During a briefing Monday on the Retained EU Law Bill, Business Secretary Kemi Badenoch told senior Tory Brexiteers that by December 31 the government will only bin 800 — or one in four — of the estimated 3,200 pieces of EU legislation which were automatically added to the U.K. statute book after Brexit.
The bill introduces a controversial “sunset clause” that will automatically scrub EU retained laws that have not been changed or repealed by the end of this year. Advocates see that cull as a key Brexit dividend as the U.K. goes its own way, but the policy has been criticized by business groups for creating regulatory uncertainty.
Badenoch told the group of MPs that her officials had concluded it is not possible to remove thousands of laws, according to people in the room who confirmed a Daily Telegraph story.
A government spokesperson did not deny the report, and said the administration is currently mulling its approach on amendments to the bill, which is still awaiting a date for report stage scrutiny in the House of Lords — expected to be mid-May.
“We remain committed to ensuring the Retained EU Law (REUL) Bill receives Royal Assent and that the supremacy of EU law ends with unnecessary and burdensome EU laws removed by the end of this year,” the spokesperson said.
“Once passed, the Bill will enable the country to further seize the opportunities of Brexit by ensuring regulations fit the needs of the UK, helping to grow our economy and drive innovation,” they added.
But the new plan has triggered fury among Tory Brexiteers. Jacob Rees-Mogg, the former business secretary who spearheaded the plan while in government, said Badenoch was “one of the most dynamic ministers in the government” and warned that if she could not fulfill the promise it suggested intransigence by civil servants who are “paid to deliver.”
He asked on his GB News show: “The question is, are we now getting — instead of the roast beef of the full Brexit that we were hoping for, with roast potatoes and Yorkshire puddings and lashings of gravy, merely thin gruel?”
Others saw a pragmatic compromise that may further ease the U.K.’s improving relationship with the EU, which had closely followed the discussions on the bill in London.

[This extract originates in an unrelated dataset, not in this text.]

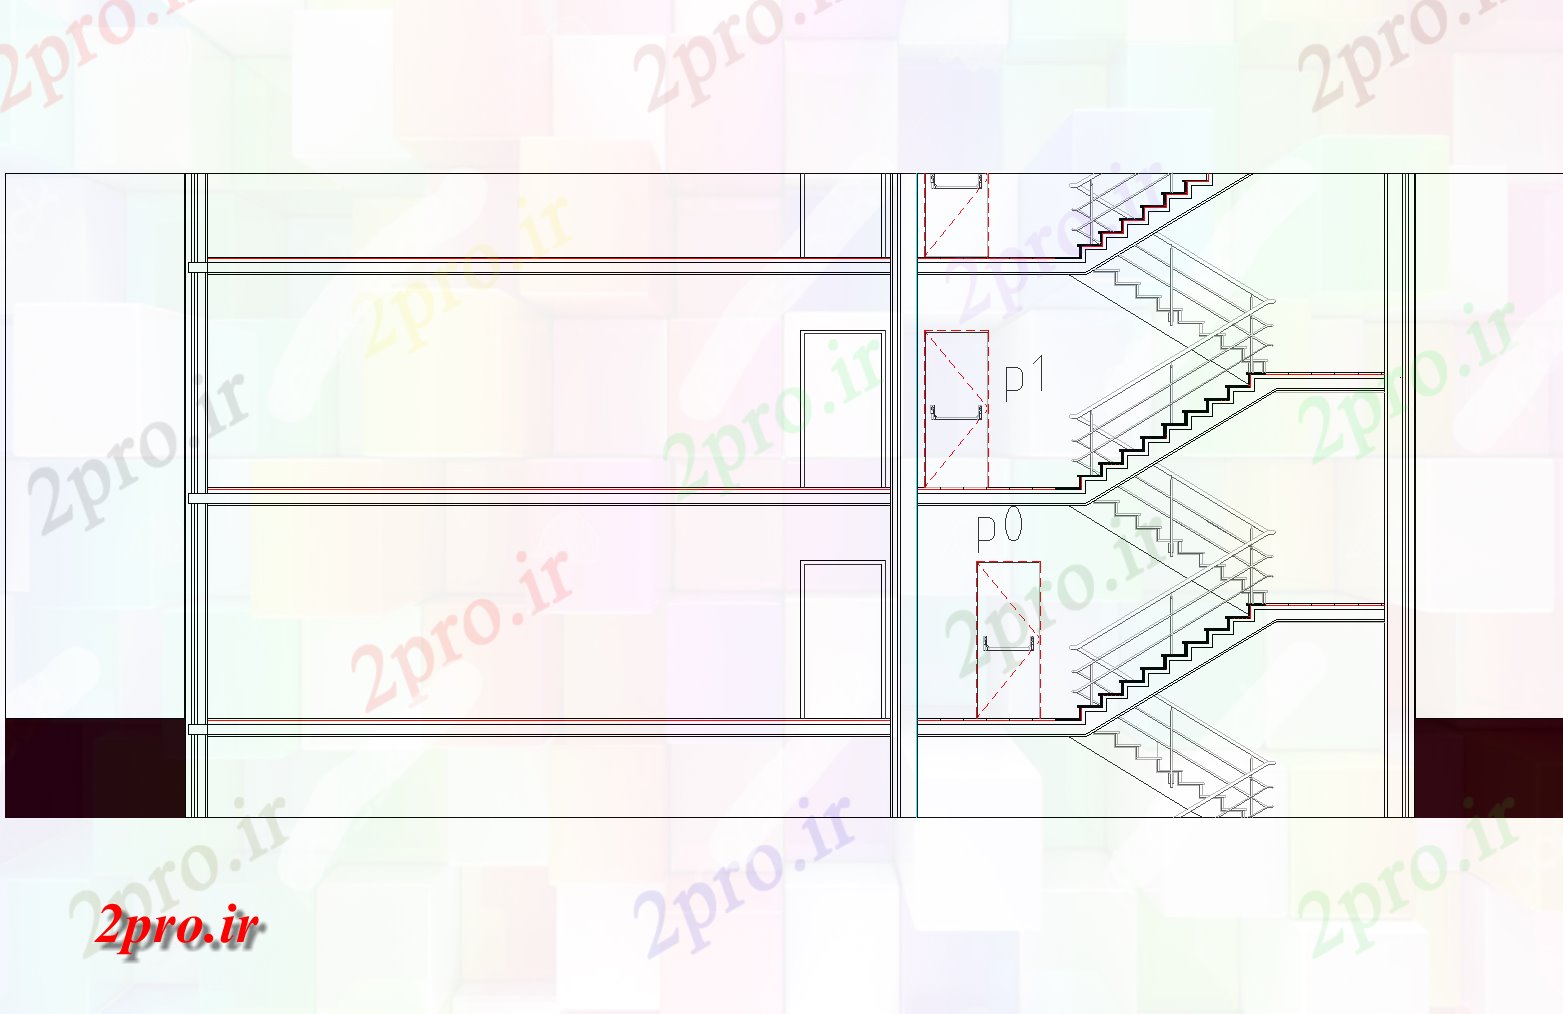 دانلود نقشه معماری معروف لوله از بخش راه پله طرحی جزئیات (کد77113)

David Davis, a former Brexit secretary and senior Conservative MP, told POLITICO that the most important aim should be to get detailed scrutiny of specific laws right, and that enhancing ties with Brussels was “secondary, frankly.”
“The truth is that quite a lot of EU law makes little difference for a variety of reasons,” he said. “One is [they are] minor legislation, often consistent with other international legislation that we would be inclined to obey, like the U.N. regulations in the automotive sector. But on the other hand, there are some that make a big difference and matter to the country — those are the ones that we should be focused on.”

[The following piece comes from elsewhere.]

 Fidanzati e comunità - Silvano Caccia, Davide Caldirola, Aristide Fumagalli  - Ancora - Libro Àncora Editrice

Davis, who has previously voiced concern about the impact of scrapping the EU laws too quickly, said some lawmakers in the European Research Group of Euroskeptic Tory MPs are concerned that if the Conservatives lose the next general election, Labour will not conclude the task of scrubbing those laws.

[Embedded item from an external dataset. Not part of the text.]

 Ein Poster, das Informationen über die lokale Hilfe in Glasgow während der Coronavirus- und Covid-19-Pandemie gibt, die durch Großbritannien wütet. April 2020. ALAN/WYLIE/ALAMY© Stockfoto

But he said it was important to give the House of Commons enough time to digest the mammoth number of laws still to be reviewed.
“The slogan in the Brexit campaign was ‘take back control,’ to give control to Westminster, not to give it to Whitehall. If you try to rush everything at once the House of Commons will not have time to scrutinize it properly,” he said. “My view is that we should continue reviewing them in the longer term.”
Anand Menon, director of the U.K. in a Changing Europe think tank, said the government’s new plan is “much more sensible.”
“No one ever claimed there weren’t EU regulations we should get rid of or could amend. But planning to simply scrap them all to make a political point was just plain reckless,” he said.
Stefan Boscia contributed reporting.